18.5- If the Materials are found not to conform to the foregoing warrantees at any time within Eighteen (18) months following Delivery to the Port of Export or Twelve (12) months from the commencement of use in the Kingdom of Saudi Arabia, whichever is late، the Company may require the Supplier to repair or replace non-conforming Materials at Supplier's cost including the cost of Transportation. Should the Supplier fail to repair or replace non-conforming Material within a period of Thirty (30) days from the Date of Notification, the Company may repair or replace such Materials either itself or through others and charge the cost thereof to the Supplier.

18.6- If at any time prior to or within the six (6) months following Delivery to the Company in Saudi Arabia, the Company determined that the Materials or any portion thereof, or their Tender are not strictly in conformance with the Terms of the Order, the Company may reject, refuse acceptance or revoke acceptance of any or all of the Materials or Tender thereof and cancel the Order without any obligation to the Supplier. In addition, the Company may, at any time, revoke its acceptance of the Materials should the Company discover Latent Defects in the Materials or any part thereof, and procure the Materials from another source if the Supplier fail to repair the Materials within thirty (30) days, all costs incurred by the Company as a result of such cancellation shall be for the Supplier's Account.

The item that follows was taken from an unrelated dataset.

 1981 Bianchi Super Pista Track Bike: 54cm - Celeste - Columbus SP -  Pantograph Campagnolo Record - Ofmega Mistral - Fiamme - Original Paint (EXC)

18.7- The Supplier shall withdraw the rejected Materials within one (1) month from Date of Notification and to supply the replacement and in the event that the Supplier fails, stocking charges will be computed at the rate of one per cent (1%) from the Value of the rejected Materials for each week from the Date of Notification and the Company reserves the Right to deduct these charges from any payment due to Supplier.

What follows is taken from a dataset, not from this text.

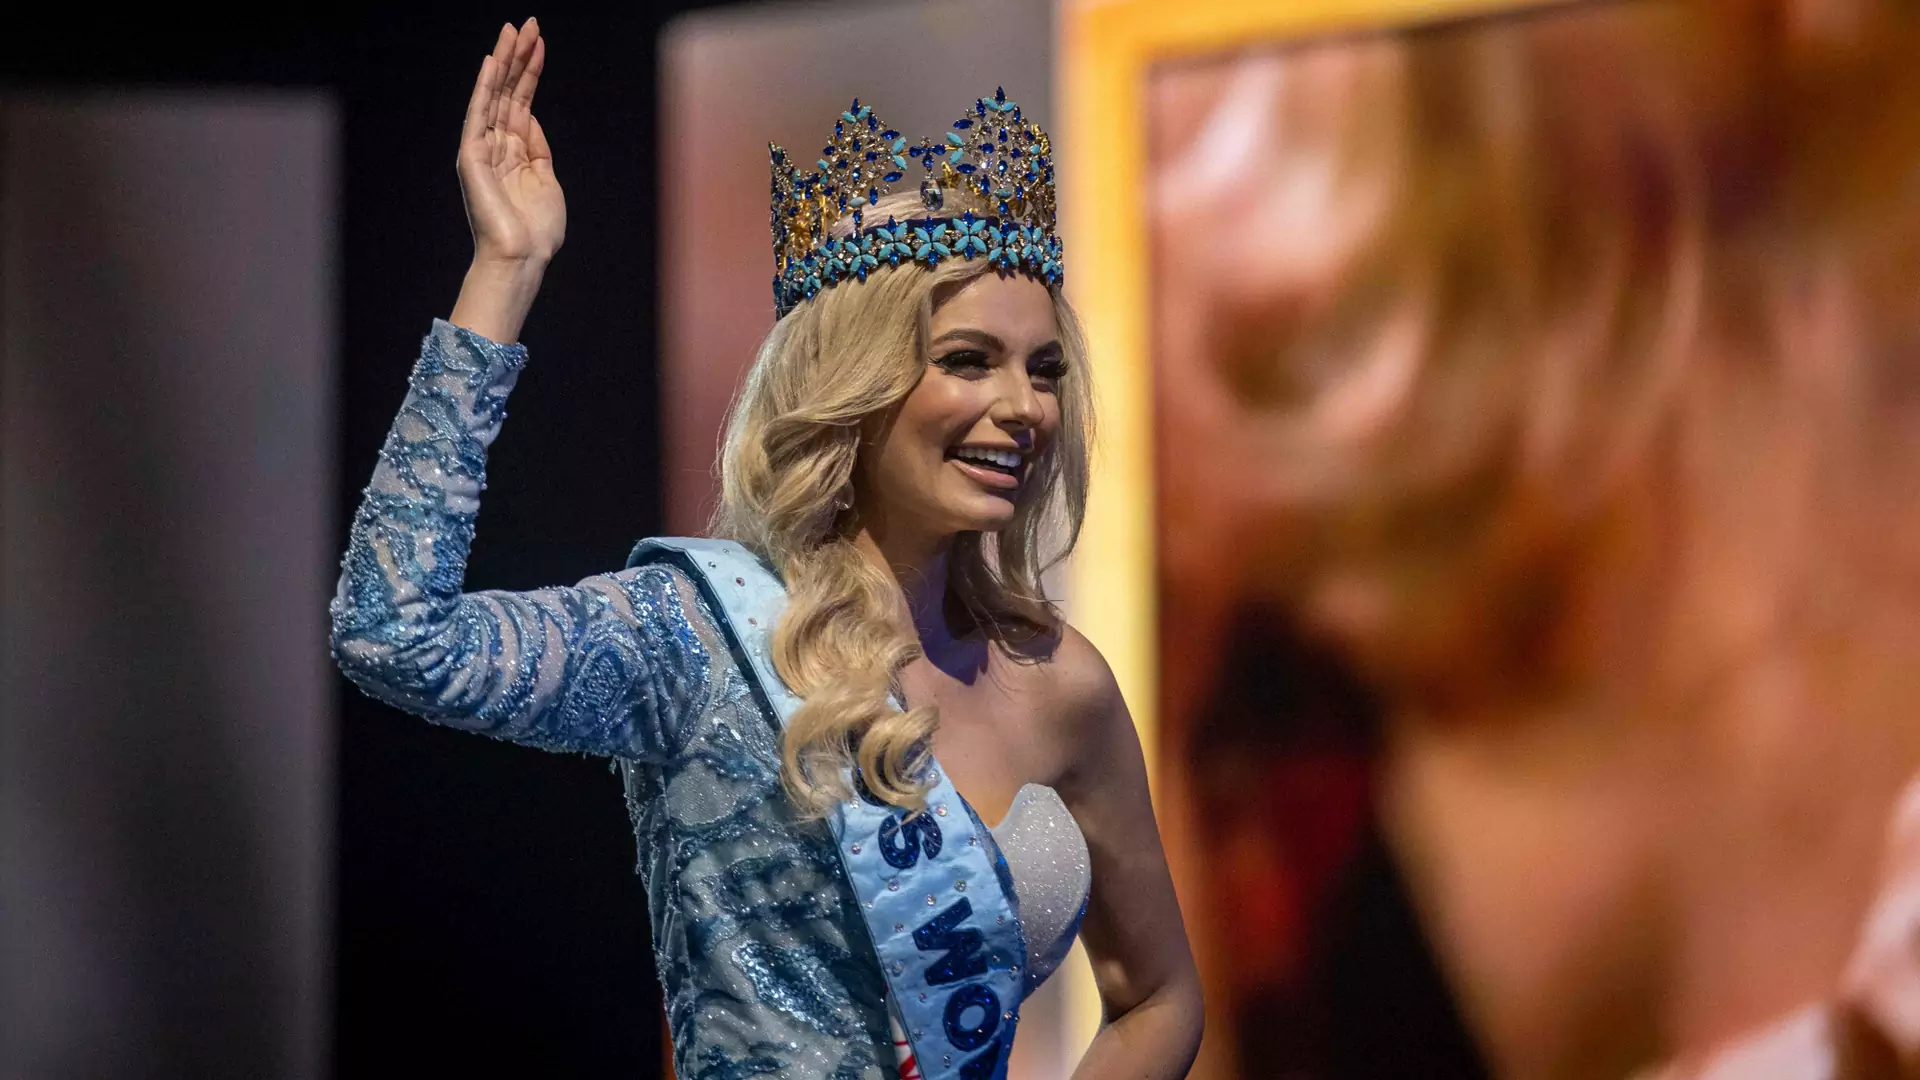 Polka "najpiękniejszą kobietą świata" drugi raz w historii. Karolina Bielawska została Miss World 2021

18.8- If the Supplier fails to withdraw the rejected Materials, within three (3) months from the Date of Notification, the rejected Materials shall become the property of the Company and the Company shall have the Right to dispose them in the appropriate way and the Supplier shall have no right to claim for any compensation.

19- Performance Bond :

The Supplier shall be obliged to submit a Performance Bond at five per cent (5%) of the Purchase Order Value if the Order Value exceeds One Million Riyals or its equivalent, within ten (10) days from the Date of Receipt of the Order as a step to return back the initial Bid Bond. The Final Performance Bond shall be valid for Three (3) months, from the Date of receiving the last Shipment at the Company's Warehouses.